A limitation of this study may be that all dogs have been exposed to drug challenges, as explained in the Methods section. This was done in the context of a linkage study to confirm phenotypic status in backcross animals (Mignot et al., 1993). We believe it is unlikely that drug history is responsible for the observed expressional differences between narcoleptics and heterozygotes. Both groups of animals were treated in parallel with the exact same drugs at the same doses and in the same sequence. Furthermore, drug doses used were typically very low, exposure was equal for all animals and rather limited in time, as a recovery of 9 months without drugs was allowed.
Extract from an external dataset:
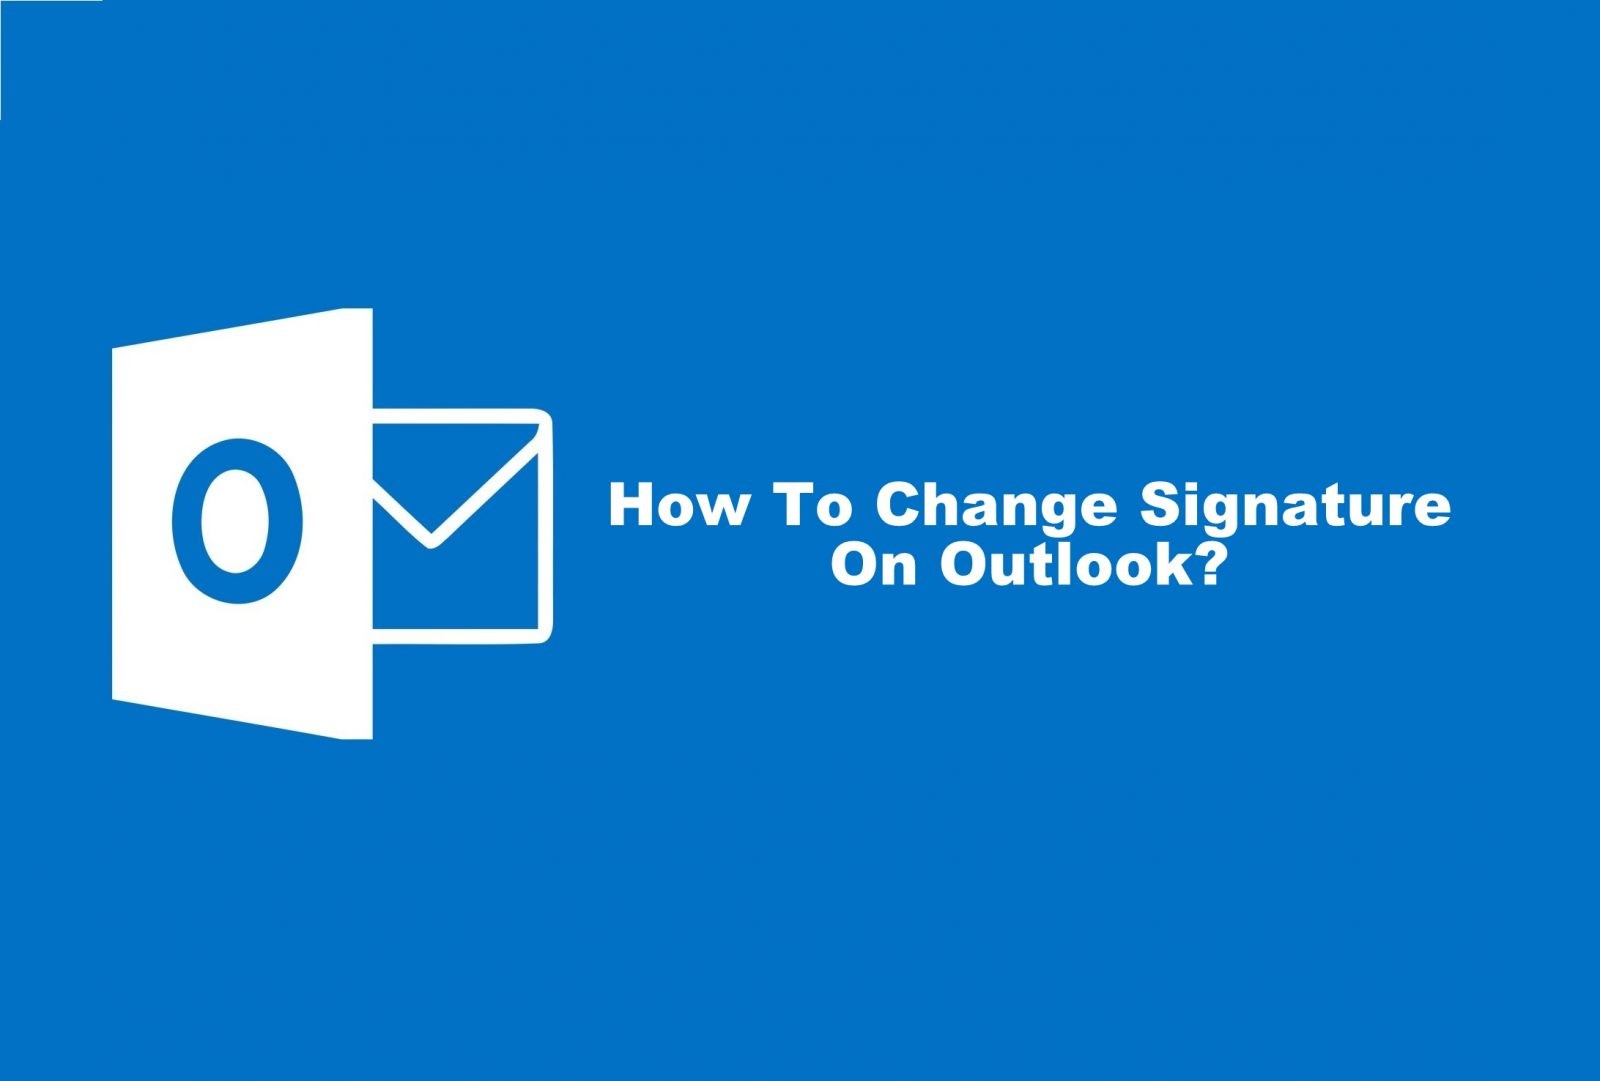 how to add signature in outlook mobile app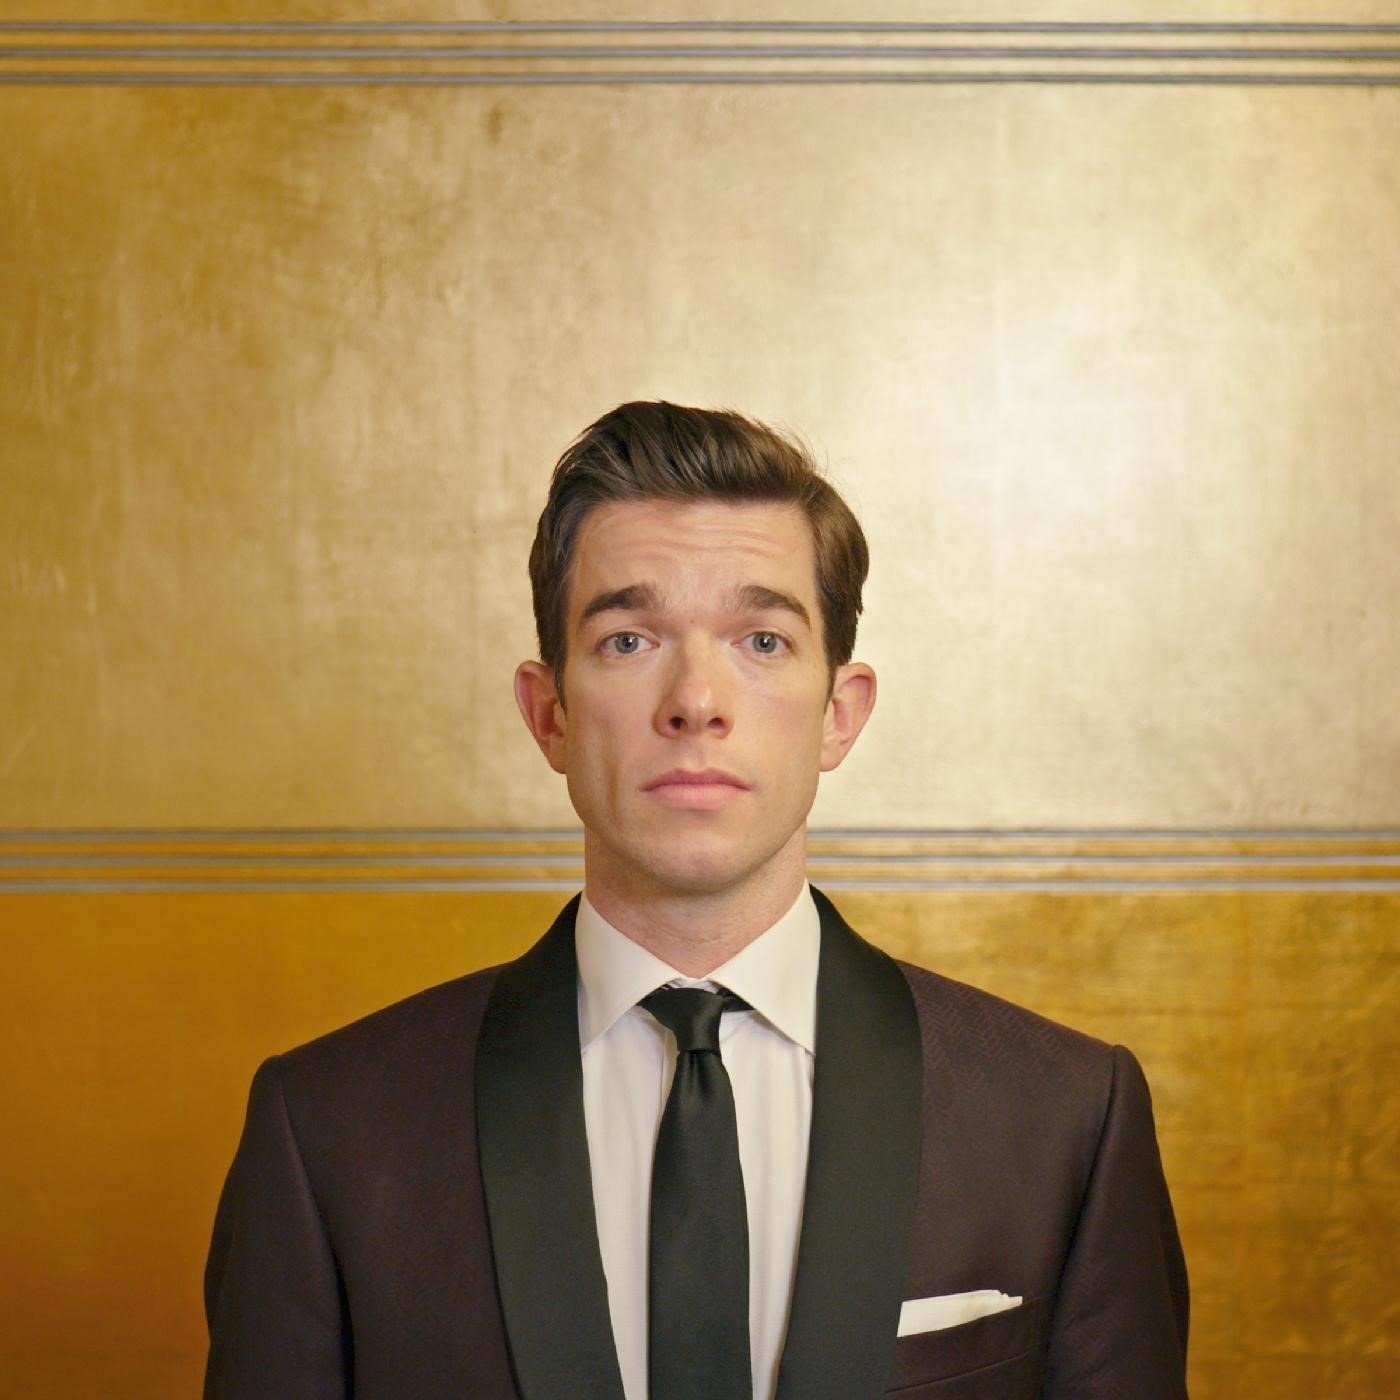 Kid Gorgeous at Radio City is the album on Vinyl of the Netflix concert film I did which was the culmination of a 150 date stand-up comedy tour called John Mulaney Kid Gorgeous.

For the initial scan we used cross-species hybridizations of dog mRNA to human microarrays. In previous work, we have repeatedly used this approach to successfully identify genes that are differentially expressed in canids [10,11] as dog and human transcripts have a relatively high sequence homology, estimated to about 88% [11]. However, cross-species hybridization may have limited sensitivity due to less stringent hybridization conditions, and the method will bias the detection of expression differences towards abundant mRNA species with a conserved sequence. It is thus possible that small alteration in the activity of many genes down-stream of the hypocretin receptor mutation were over-looked in our microarray screening. On the other hand, it is possible that the altered activity of a few key genes such as PENK, TAC1 and SOCS2 is crucial for the development of the disease.
TAC1 encodes four products of the tachykinin peptide family: Substance P, Substance K, neurokinin A and neuropeptide gamma [19]. The tachykinins interact with G-protein coupled receptors and mediate biological functions such as smooth muscle contraction, neuronal excitation and pain transmission. Substance P is of special interest, since it has shown to initiate and maintain REM sleep in the reticular formation of the pons, and increase paradoxical sleep (REM) latency and promote wakefulness [20,21]. It has also been shown that Substance P containing neurons project from the nuclei of the brainstem to the amygdala [22]. A decrease expression of TAC1 could therefore, at least in pons, be responsible for a decrease in substance P and a reduction of wakefulness and an increase in REM sleep propensity.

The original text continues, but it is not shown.